I have found meditation/breathing to be similar to a clearing or purifying process. For example, clay mixed with water is murky and appears dirty. If a mixture of clay and water is left to stand still and undisturbed the water rises to the top, clarifies, and the clay settles to the bottom of the bucket. The visual of the clay water may work the same as our minds. Clarity of the mind is present in us, but we just have to calm ourselves, disconnect, and find stillness from our overly stimulating lives to find the purity and clarity of the water.

I have found that mediation is a way to help me clear my muddy mind. Breathing is a bridge between my mind, body and soul. Breathing brings me into the present. I cannot breathe in the past or the future. I can only take a breath in the moment. Humans are extremely unique and varied, so the breathing that will bring each human into the present is likely just as varied. My muddy mind clears when I spend time in quiet morning meditation, but other ideas could include the following:

  • Morning Pages-a concept designed by Julia Cameron that embraces writing your thoughts as soon as you wake for a set duration of time;
  • Lifting Weights-there is conscious breathing and counting that can combine to be a meditative flow of expended energy;
  • Exercising-again rhythmic breathing and often a timed activity (walking, running, swimming, biking, etc).

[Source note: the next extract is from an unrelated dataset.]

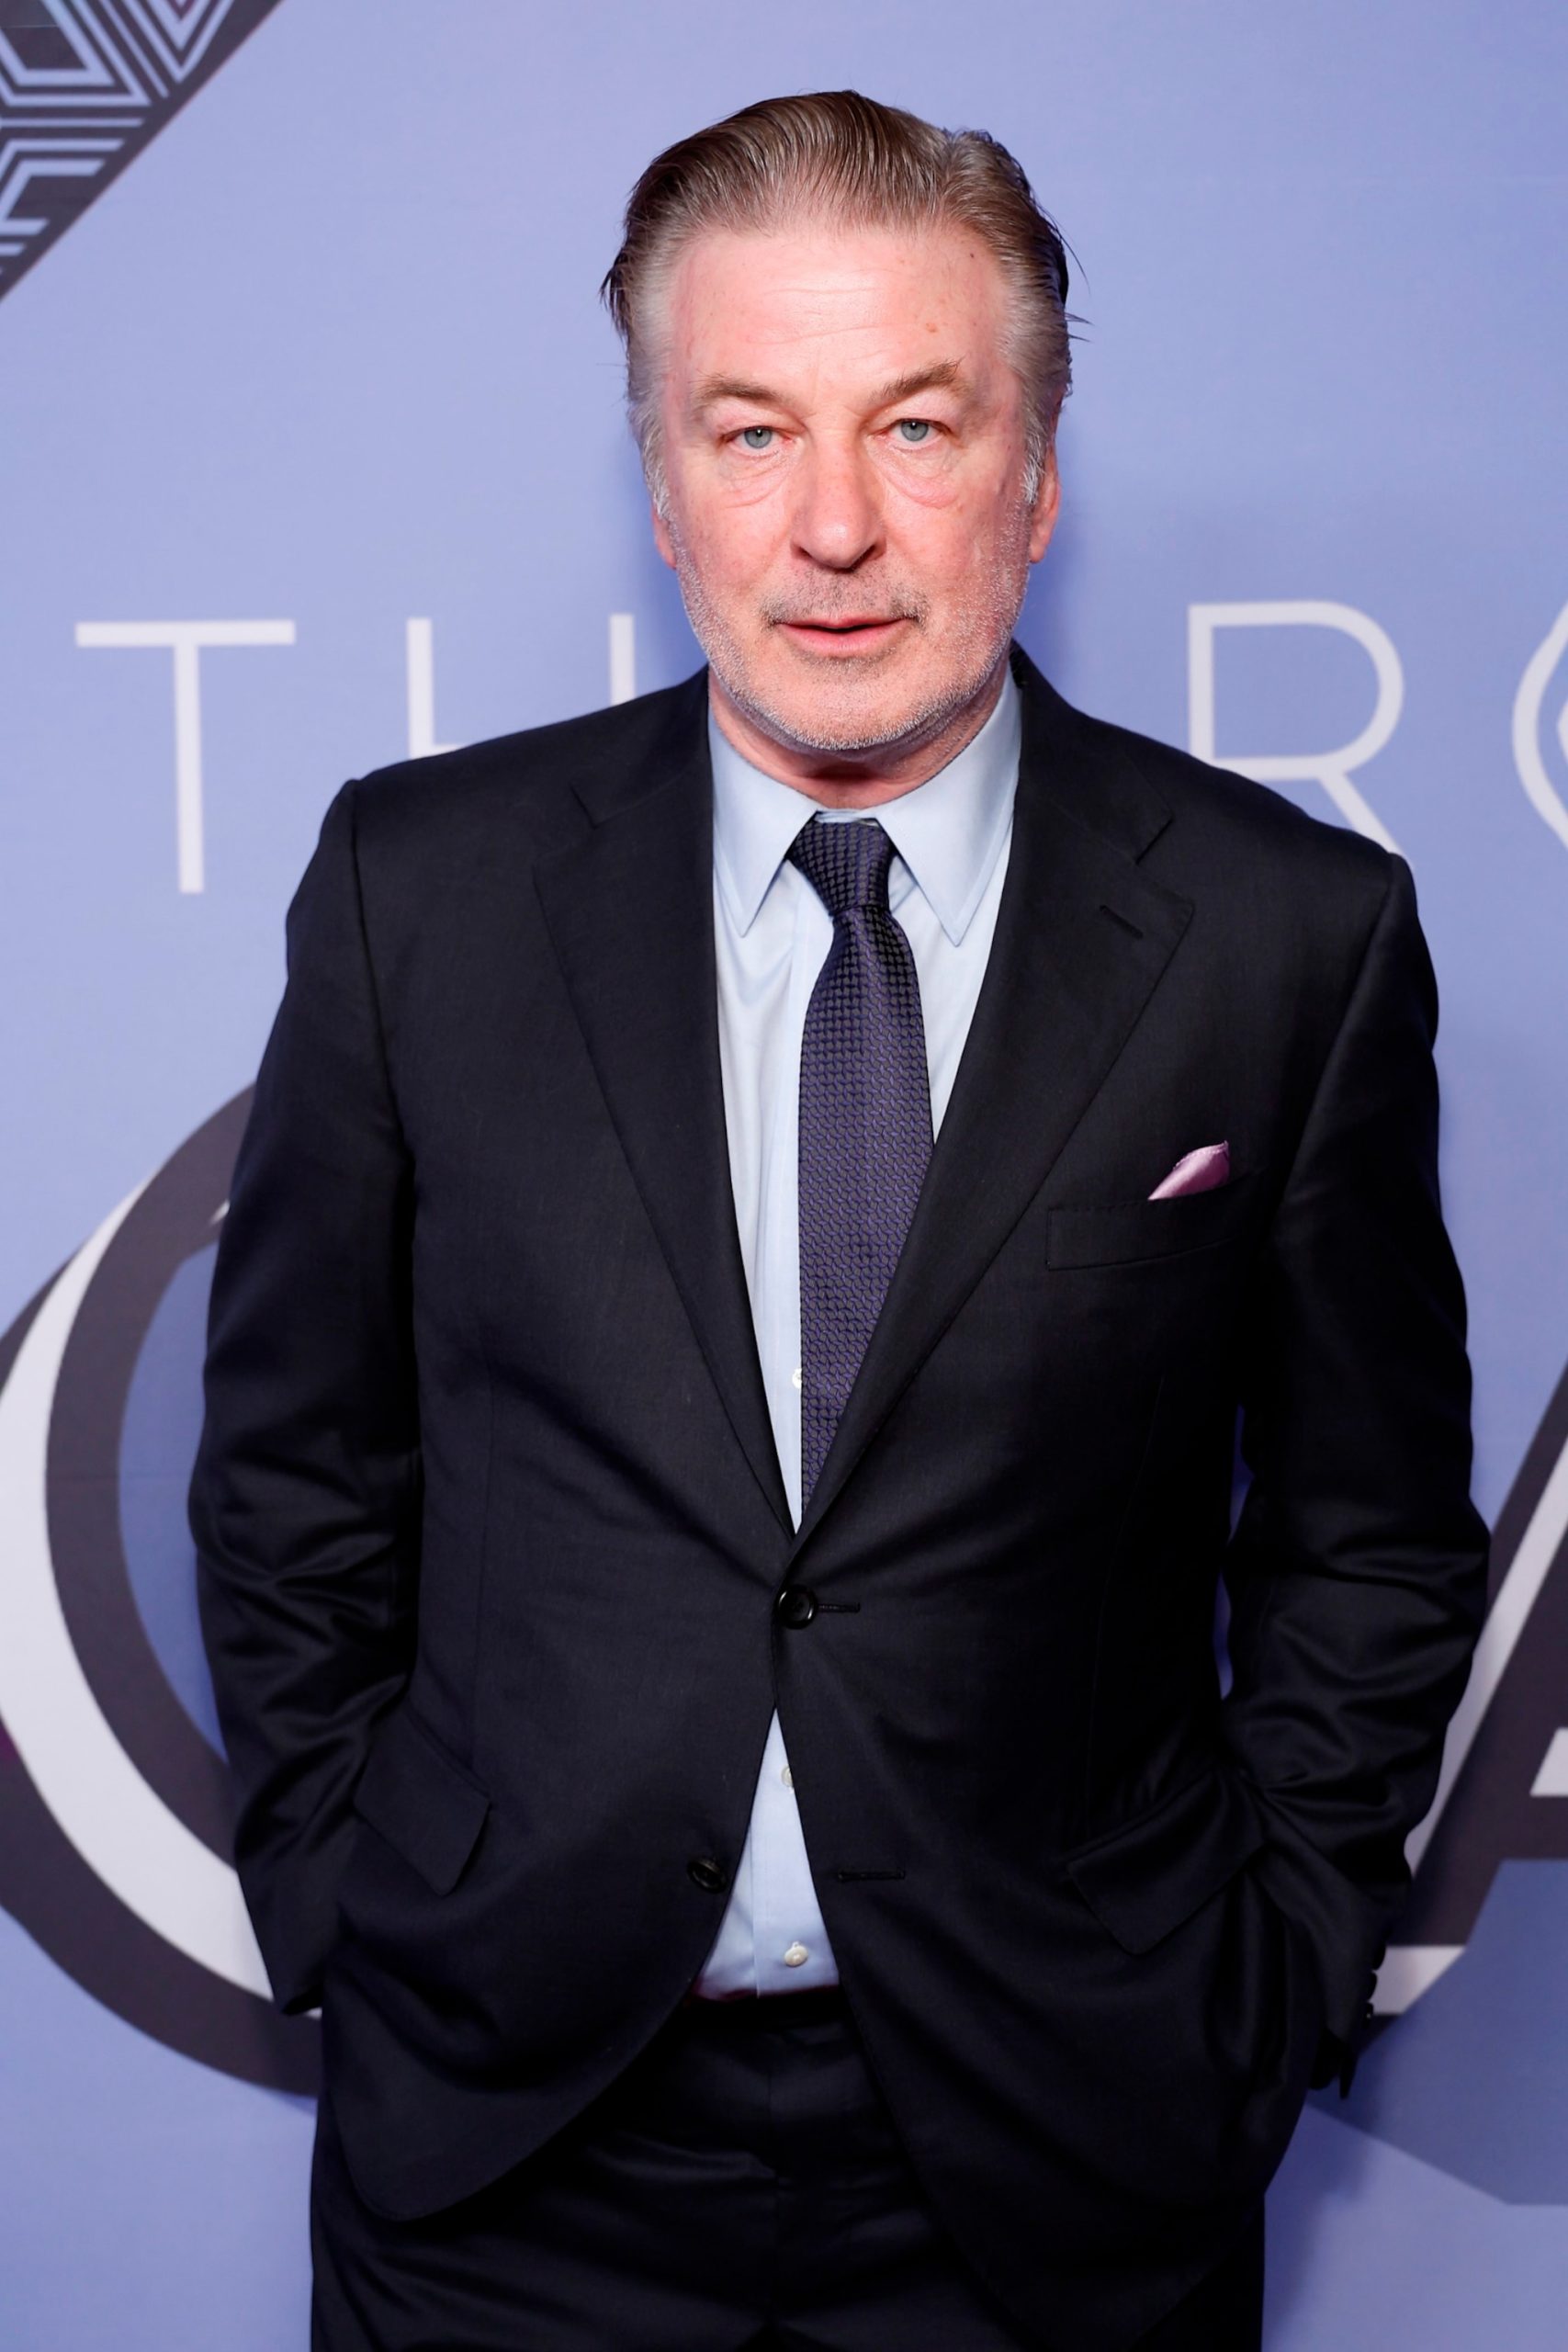 Judge rules against Alec Baldwin's attempt to have 'Rust' charge dismissed due to firearm evidence

If we all need to nourish our bodies in different ways, with different caloric intakes (based upon the metabolism of our bodies, preferences and activity levels), why would the diversity of our “soul nourishment” be different? If there are parallels between physical nourishment and soul nourishment, then we can start by identifying that you can go a long time without food and survive. I know a lot of soul-starving teachers. It is important to start recognising that your soul is hungry. Students & parents are currently energy-vampires (more on this in future posts). So, as teachers, we are alive, but barely. Find your soul-food. Don’t wait until the weekend, holidays or summer break to re-fuel. Do daily fuels. Your body needs food every day, so your soul needs nourishment daily. Figure out what you need and start setting a daily goal to get it.

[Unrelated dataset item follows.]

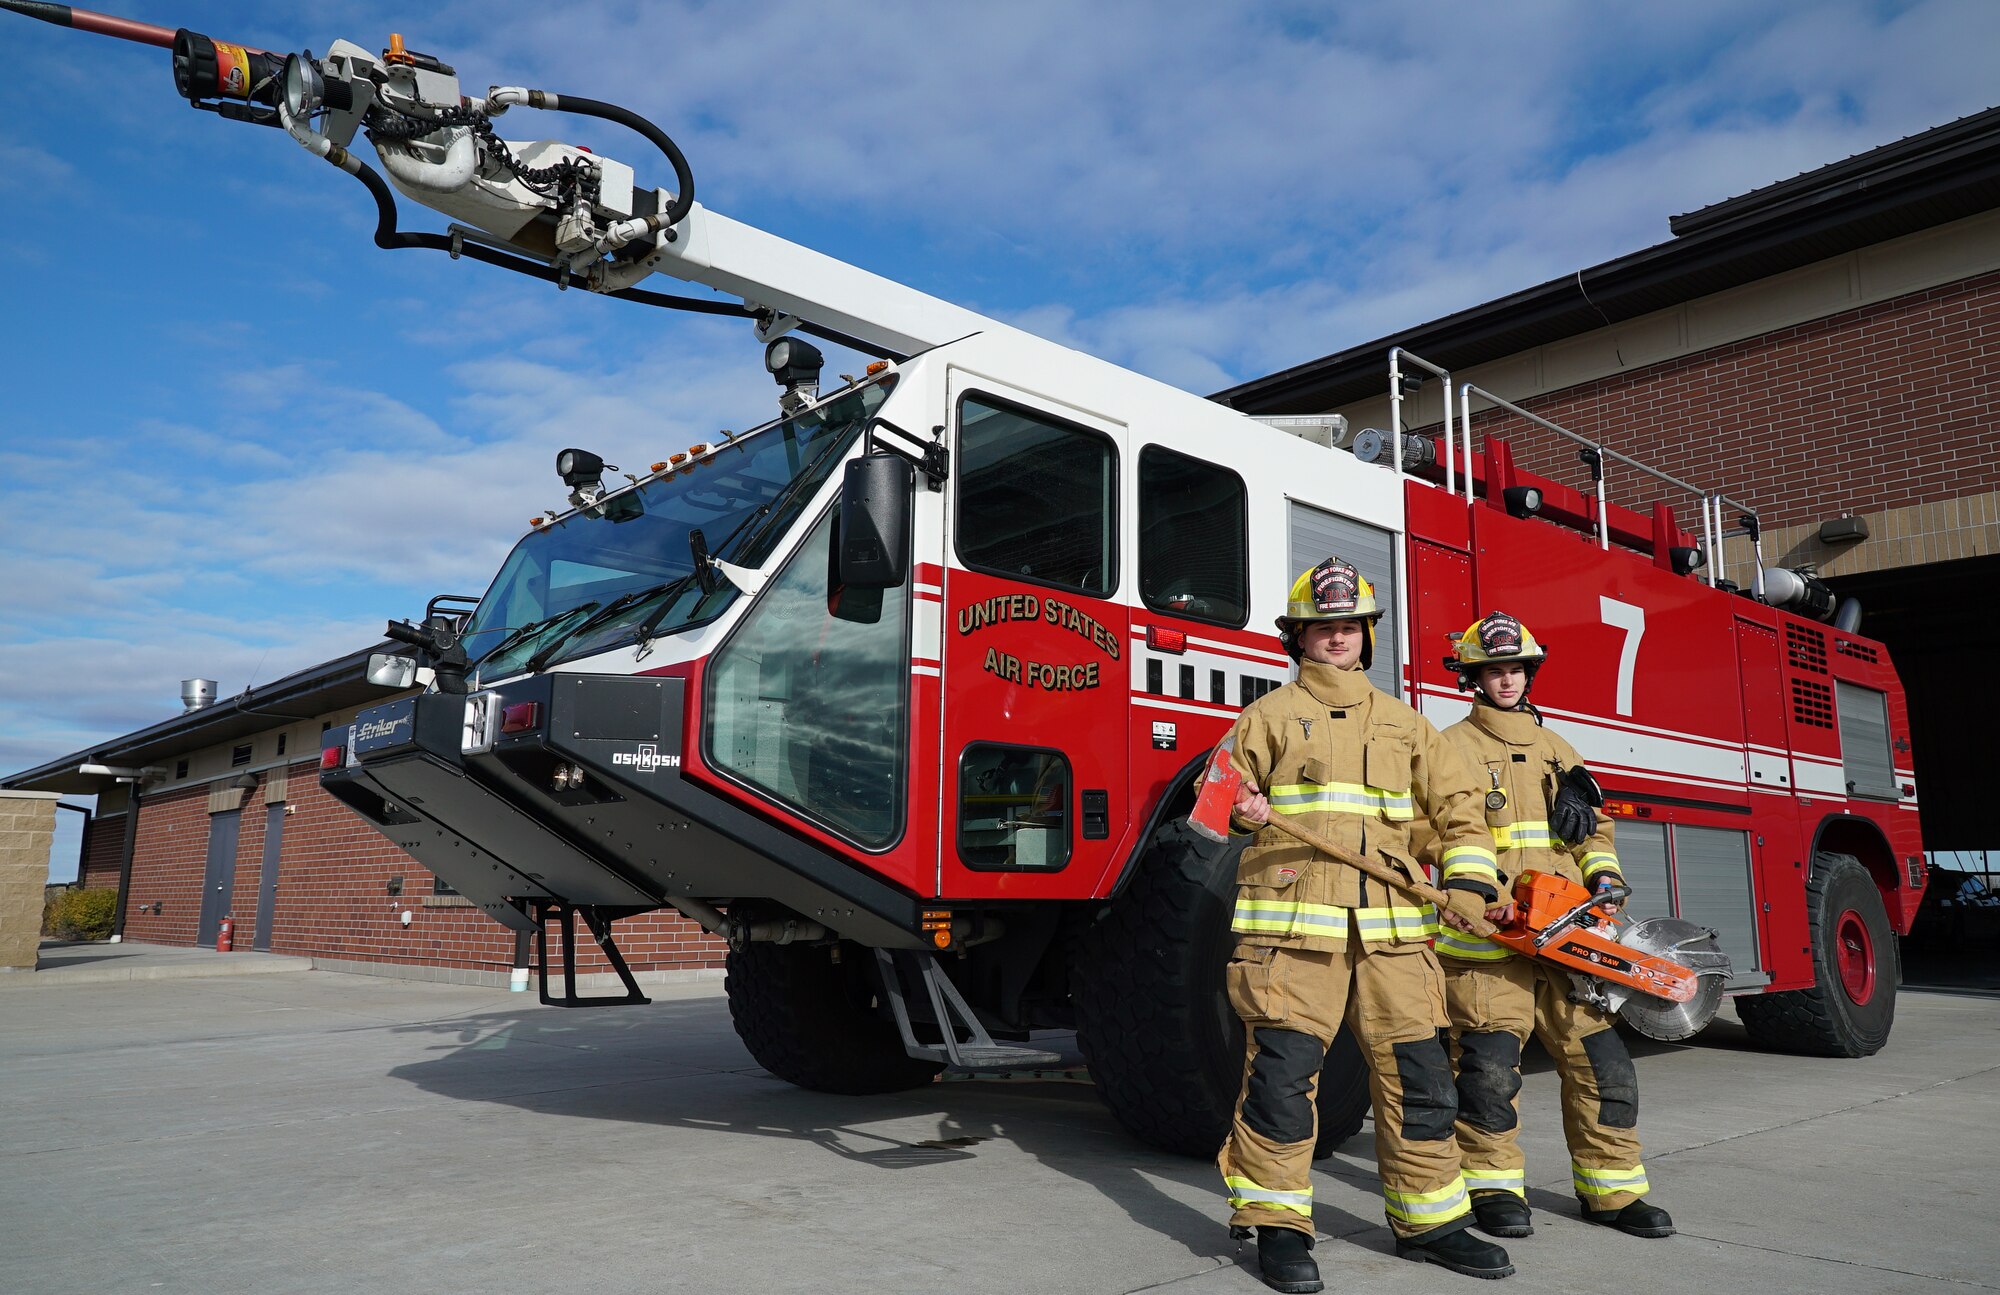 Firefighters with the 319th Civil Engineer Squadron, Airman 1st Class Hunter Garibay, left, and Airman 1st Class Sydney King, pose for a photo on National First Responders Day, Oct. 28, 2019, on Grand Forks Air Force Base, North Dakota. Garibay and King, new firefighters in the Air Force, expressed their drive to learn more and prepare themselves as potential heroes in a crisis situation. (U.S. Air Force photo by Senior Airman Elora J. Martinez)

The more transparent we are about our journey and the more that science uncovers about how our nervous systems heal, the more opportunities teachers will have to experience appetisers of soul nourishment. Hopefully, after a few taste-tests and recognising how undernourished we are, we can all find activities that make the taste-buds of our soul sing.

Opening the Window of Tolerance Challenge Two: Find something that you can do everyday that will nourish your soul. Give yourself this gift for 10 or more minutes everyday, before the world bombards you. Make it a habit (like brushing your teeth).